§ **WORK TASK**: The whole listing, please: repeat it exactly, with the pictures left out.

§ **AVAILABLE DATA**:
-=-=-

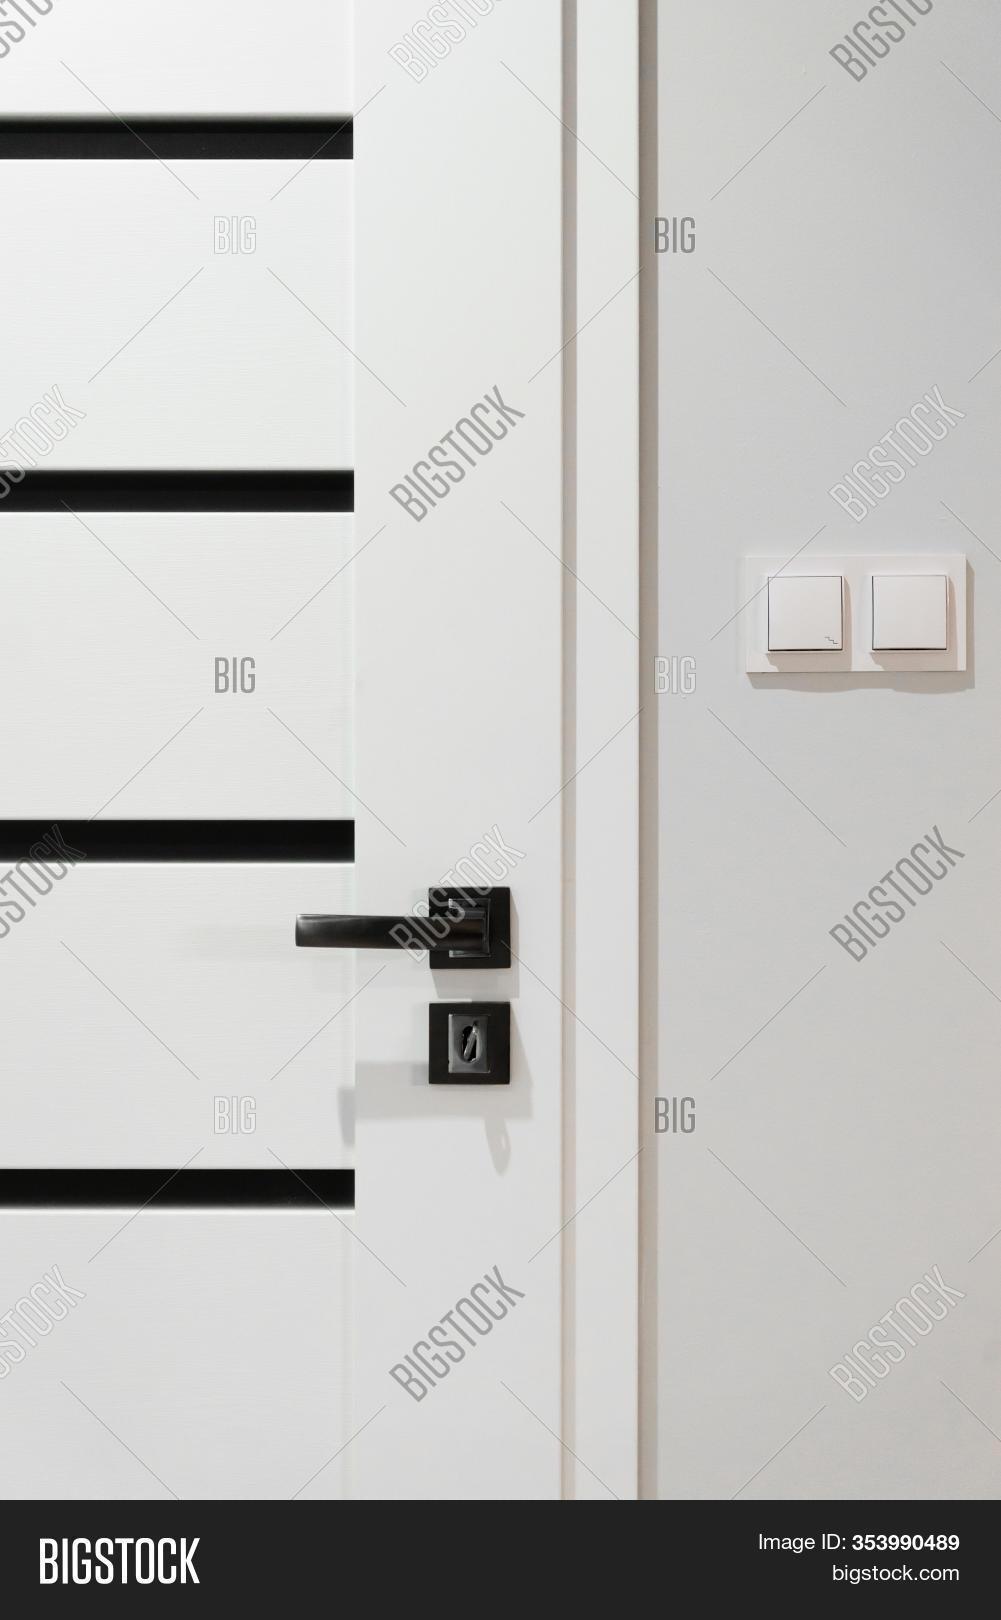 Modern Home Door Knob Image Photo Free Trial Bigstock
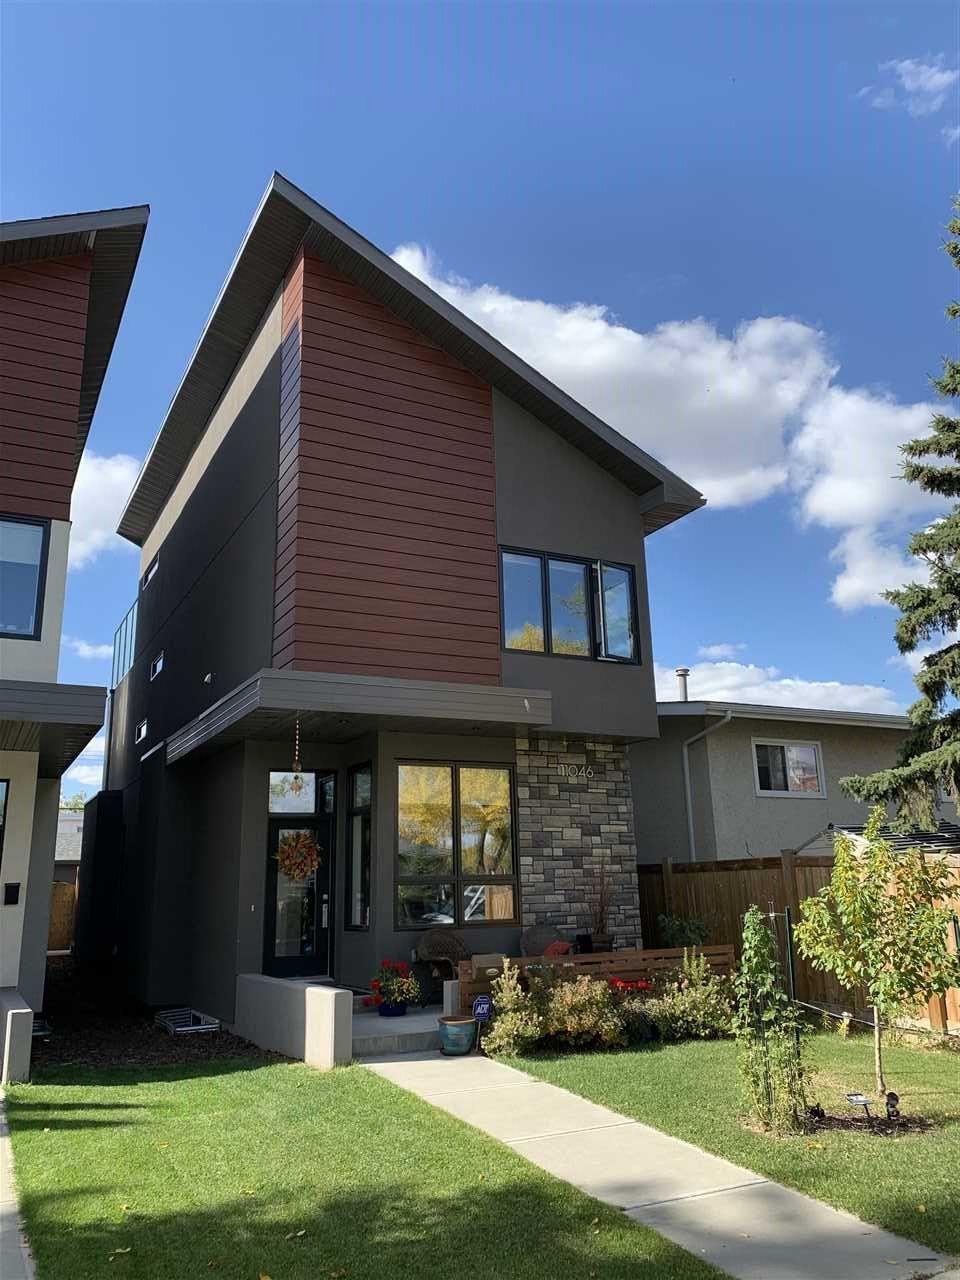 Main Photo: 11046 131 Street in Edmonton: Zone 07 House for sale : MLS®# E4266094
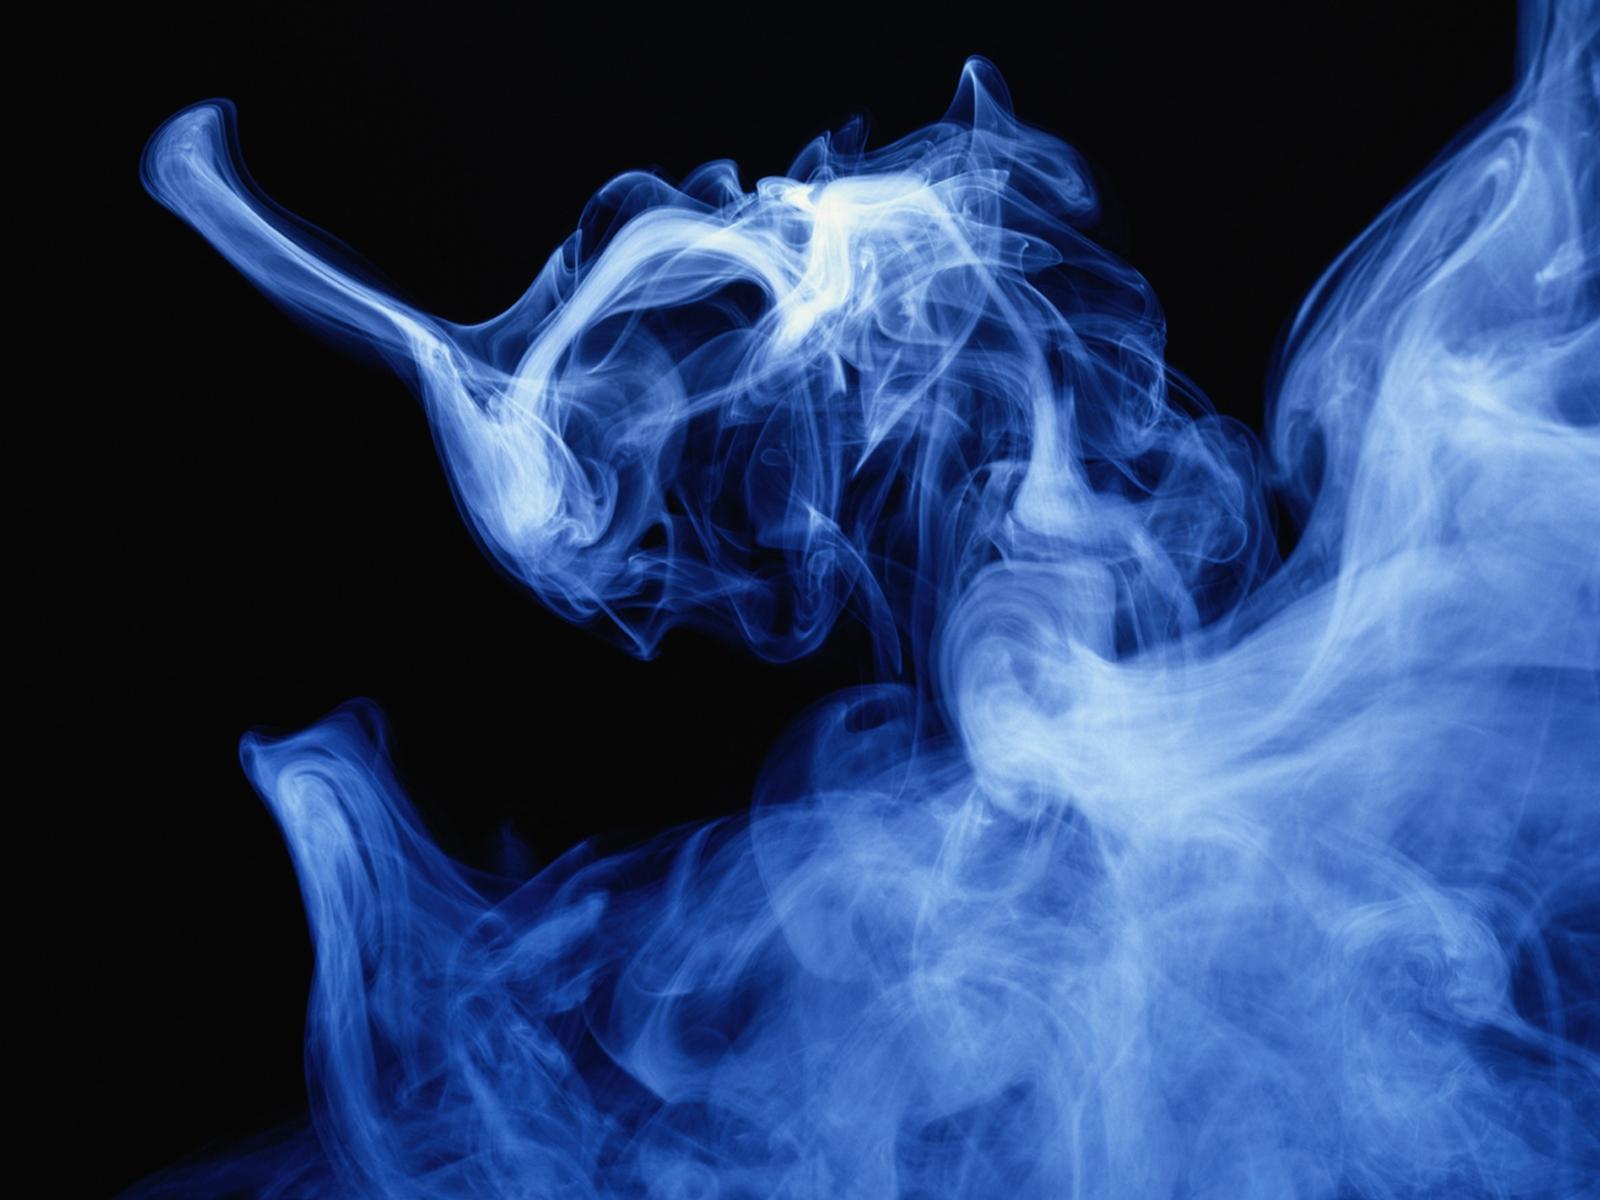 ... blue-smoke-hd-wallpapers ...

-=-=-

§ **THE COMPLETED TASK**:
 Modern Home Door Knob Image Photo Free Trial Bigstock
 Main Photo: 11046 131 Street in Edmonton: Zone 07 House for sale : MLS®# E4266094
 ... blue-smoke-hd-wallpapers ...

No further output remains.